The reason VanillaSort feels different from every other sorting plugin is not the algorithm — it is the interaction model. The plugin was designed to feel like a feature that Mojang forgot to ship. Notch could have added this. It fits the design language of vanilla Minecraft perfectly: a trapped chest has a clear in-game meaning (it triggers redstone), the anvil renaming system already exists, the 15-block radius is a natural spatial concept. Nothing in the setup requires knowledge that a modded server exists.
Players who discover VanillaSort often describe the same reaction: they close the Sorter chest for the first time and watch their storage room organise itself, and for a moment they wonder if they somehow missed this feature in the base game. That is the highest compliment a plugin can receive.
Most sorting mods break immersion. The interface is a command. The feedback is a chat message. The configuration is a YAML file that lives outside the game. VanillaSort has no interface, no feedback, and no configuration. The only artifact it leaves in the world is a trapped chest with a name — which is itself a Minecraft object, placed and named using Minecraft mechanics.

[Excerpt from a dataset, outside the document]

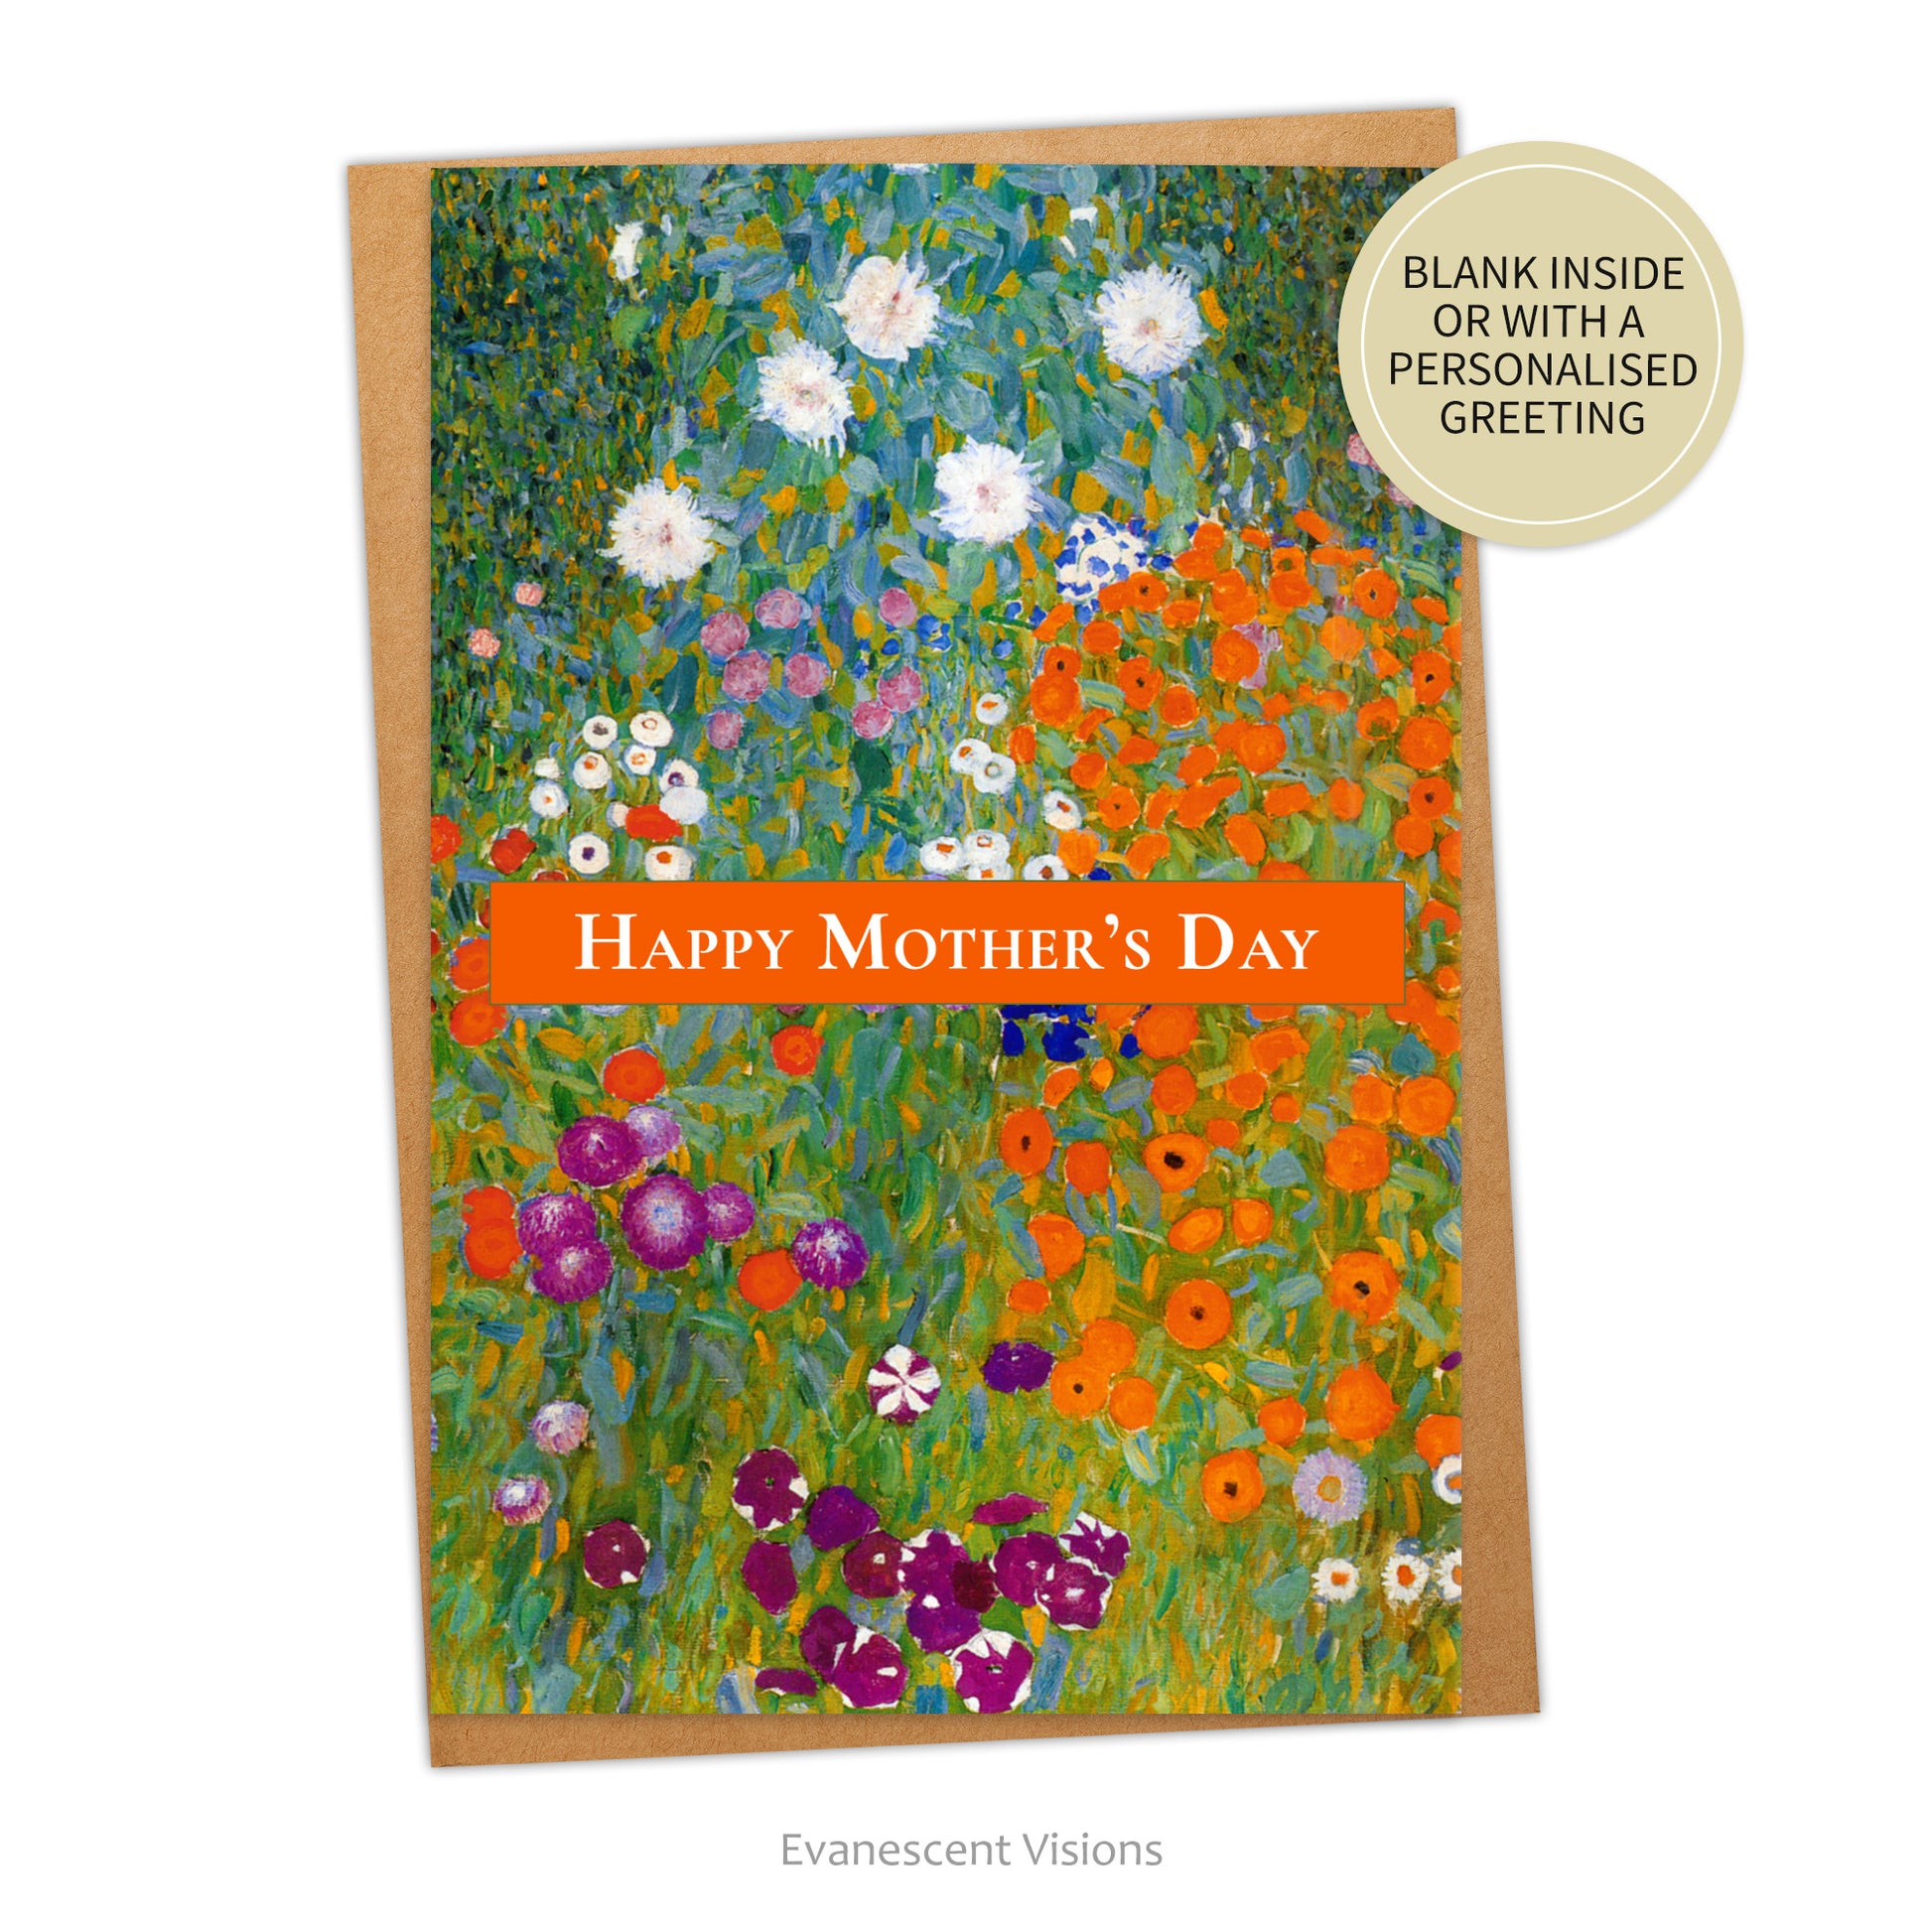 A Mother's Day card with flowers from Gustav Klimt's Bauerngarten and 'Happy Mother's Day' banner across front of card. Brown envelope behind card. Sticker says 'Blank inside or with a personalised greeting.'

The source is at github.com/lucacicada/VanillaSort. Three Java files. 299 lines for the main plugin logic, 133 lines for the block iterator, and a small WorldAreaBlockIterator utility. The entire plugin compiles to a single JAR that any Spigot server can drop into its plugins folder.
The project was later renamed EasySort internally — an appropriate name, because the experience it creates is exactly that.